12.2 \(\chi^2\) goodness-of-fit test
As a motivating example, we consider data collected from the Scottish Schools Adolescent Lifestyle and Substance Use Survey (SALSUS) established by the Scottish Executive to monitor substance use among young people in Scotland. School pupils in independent and local authority schools were targeted and the data we use are from 2002 - the total sample size was 22,246 pupils.

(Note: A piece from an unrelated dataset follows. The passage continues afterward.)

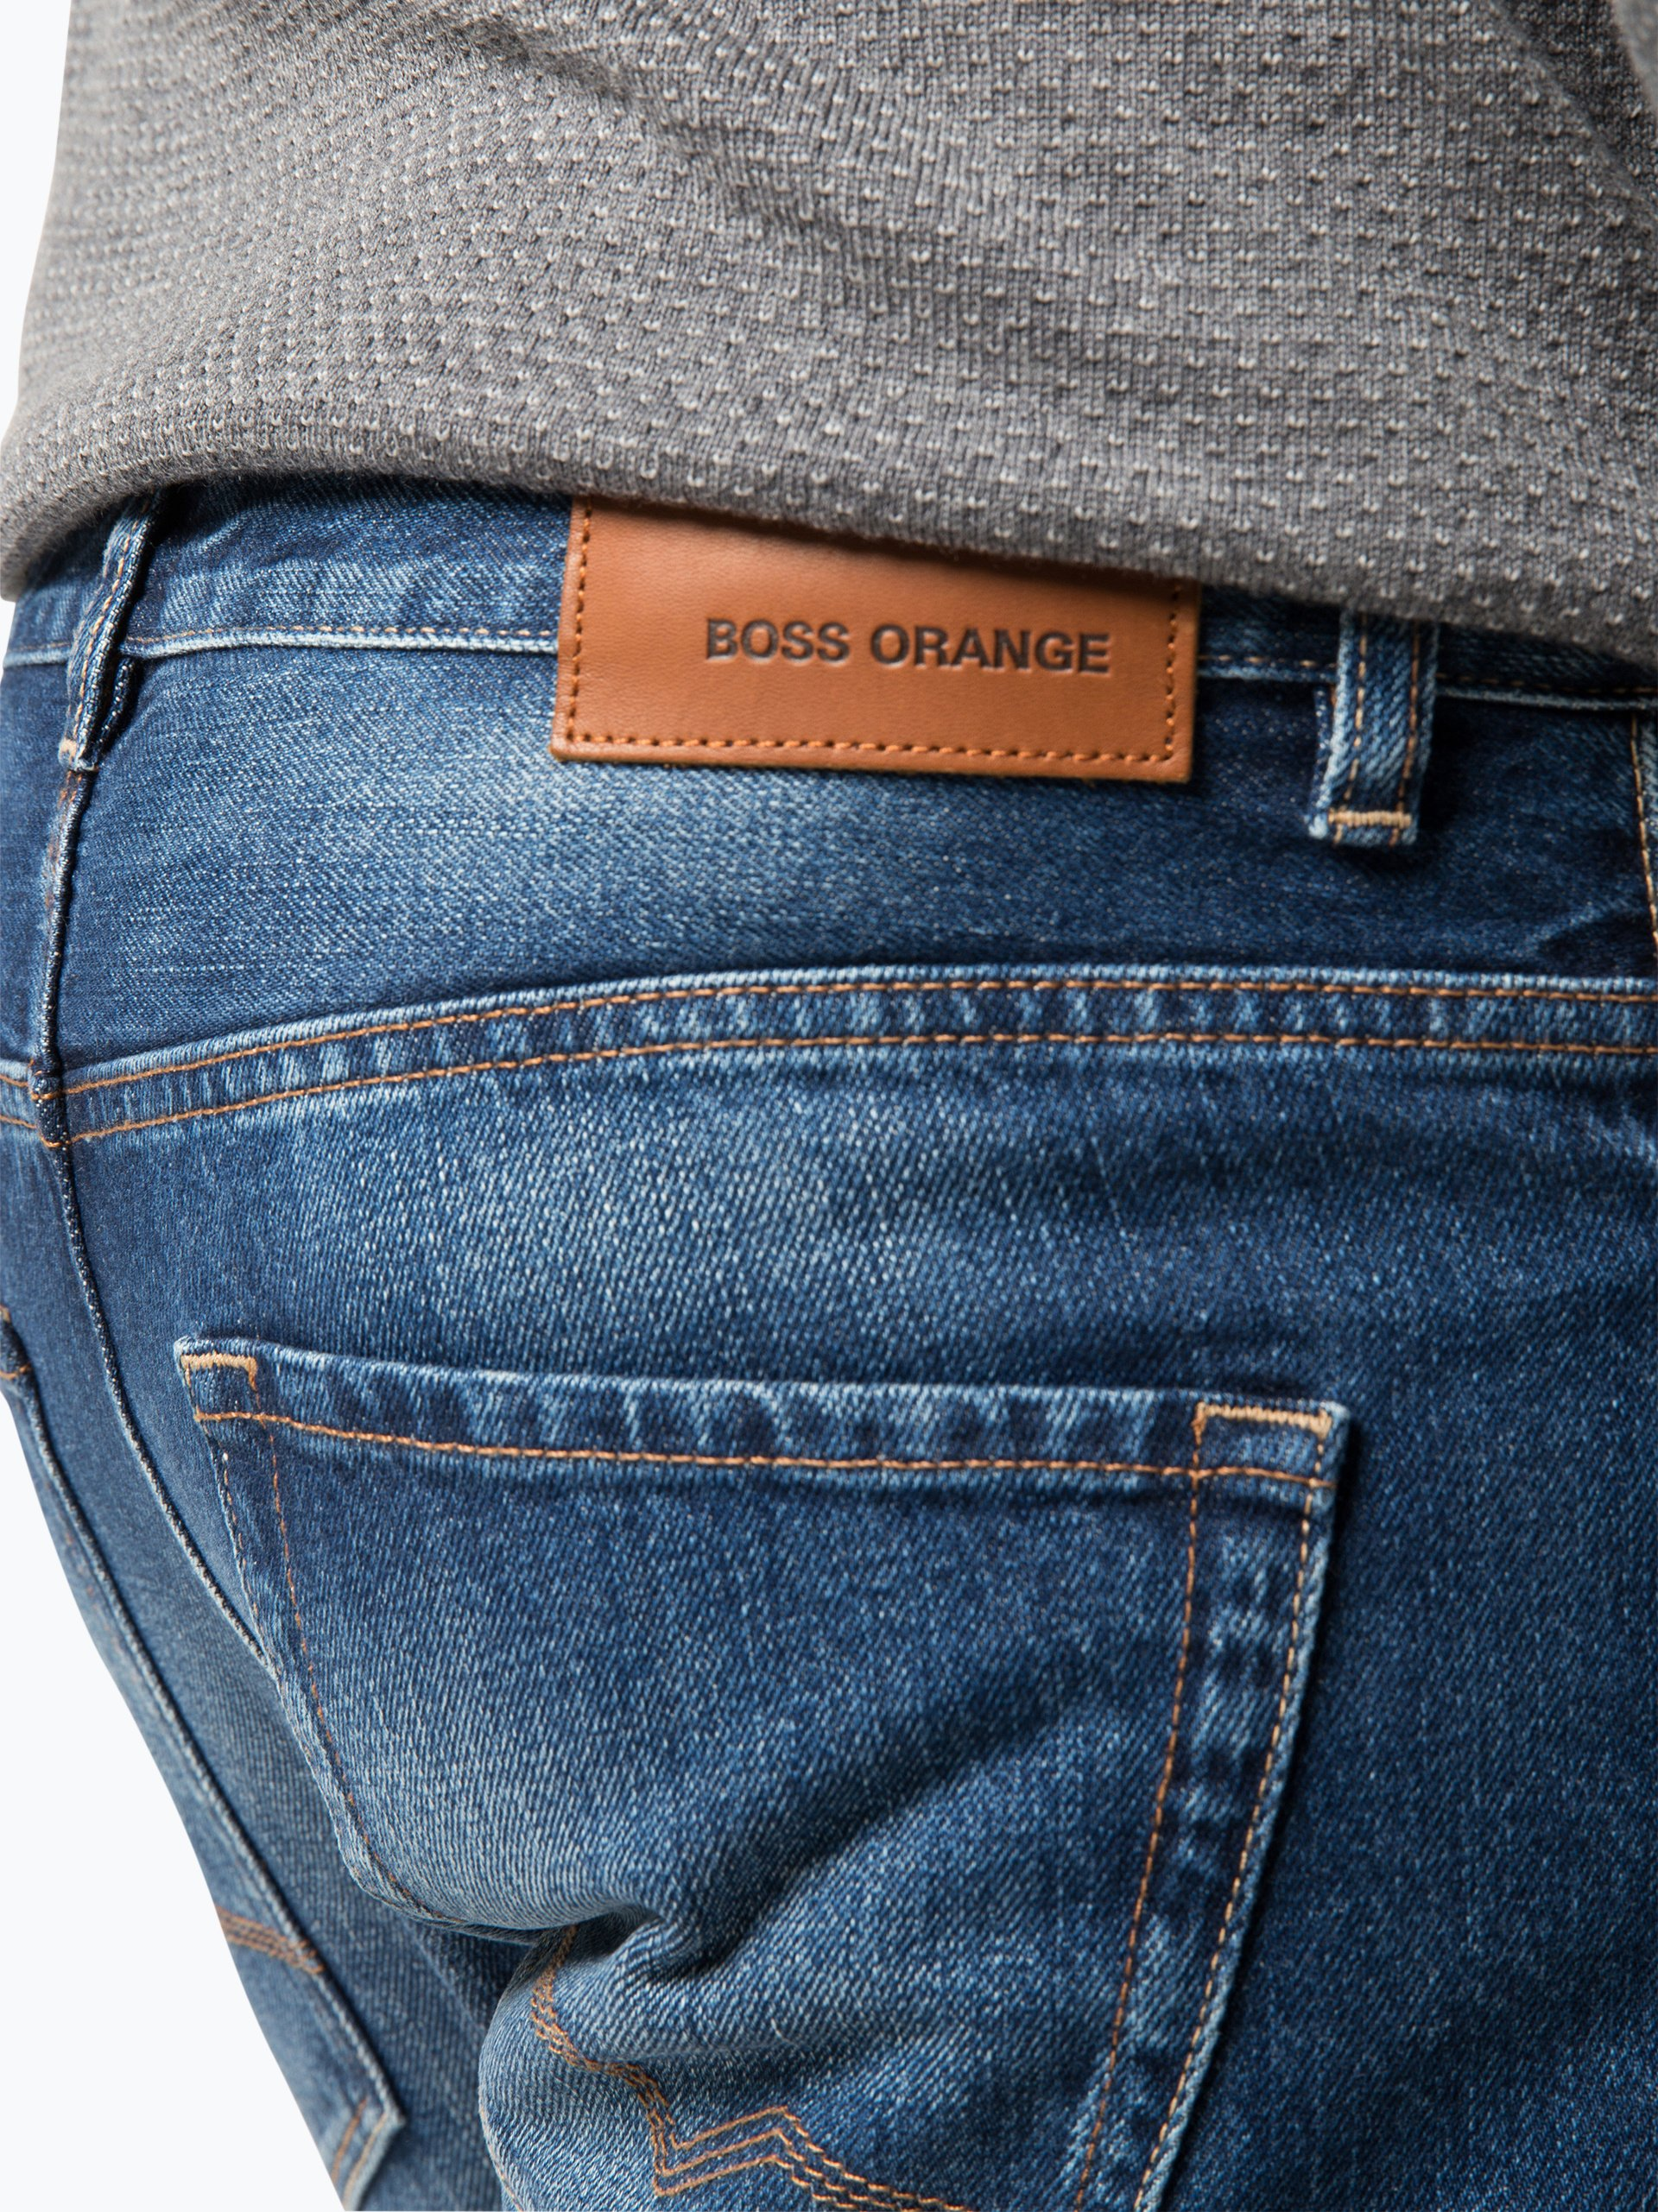 boss orange herren jeans orange 25 marine uni online kaufen peek und cloppenburg de. Black Bedroom Furniture Sets. Home Design Ideas

Pupils were asked to record the ethnic group to which they identified, (note that the groups were then combined into five broad categories); the numbers in each group are shown in Table 12.1.
| Group | Frequency |
|---|---|
| White | 21249 |
| Asian | 408 |
| Black | 113 |
| Mixed | 204 |
| Other | 272 |
| Total | 22246 |
We want to assess the similarity of the ethnicity recorded in the SALSUS sample to that of the population in Scotland. Table 12.2 shows the proportions of the ethnic groups recorded in the census.
| Group | Proportion |
|---|---|
| White | 0.9726 |
| Asian | 0.018 |
| Black | 0.0014 |
| Mixed | 0.005 |
| Other | 0.003 |
As for all tests, we have a null (\(H_0\)) and alternative hypothesis (\(H_1\)). In this case we want to test:
\[H_0: \textrm{the ethnicity in the sample is the same as the ethnicity in the population}\]
\[H_1: \textrm{the ethnicity in the sample is not the same as the ethnicity in the population}\]
The first step is to calculate what frequencies we would expect to see if the sample reflected the census population. These expected frequencies for each group (or cell in the table) can be obtained by:
\[\textrm{Expected value} = \textrm{total sample size} \times \textrm{expected cell proportion}\] Thus, for the ‘white’ group, the expected value is
\[ \textrm{Expected value} = 22246 \times 0.9726 = 21636.46\]
These expected values can be obtained for all groups (Table 12.3).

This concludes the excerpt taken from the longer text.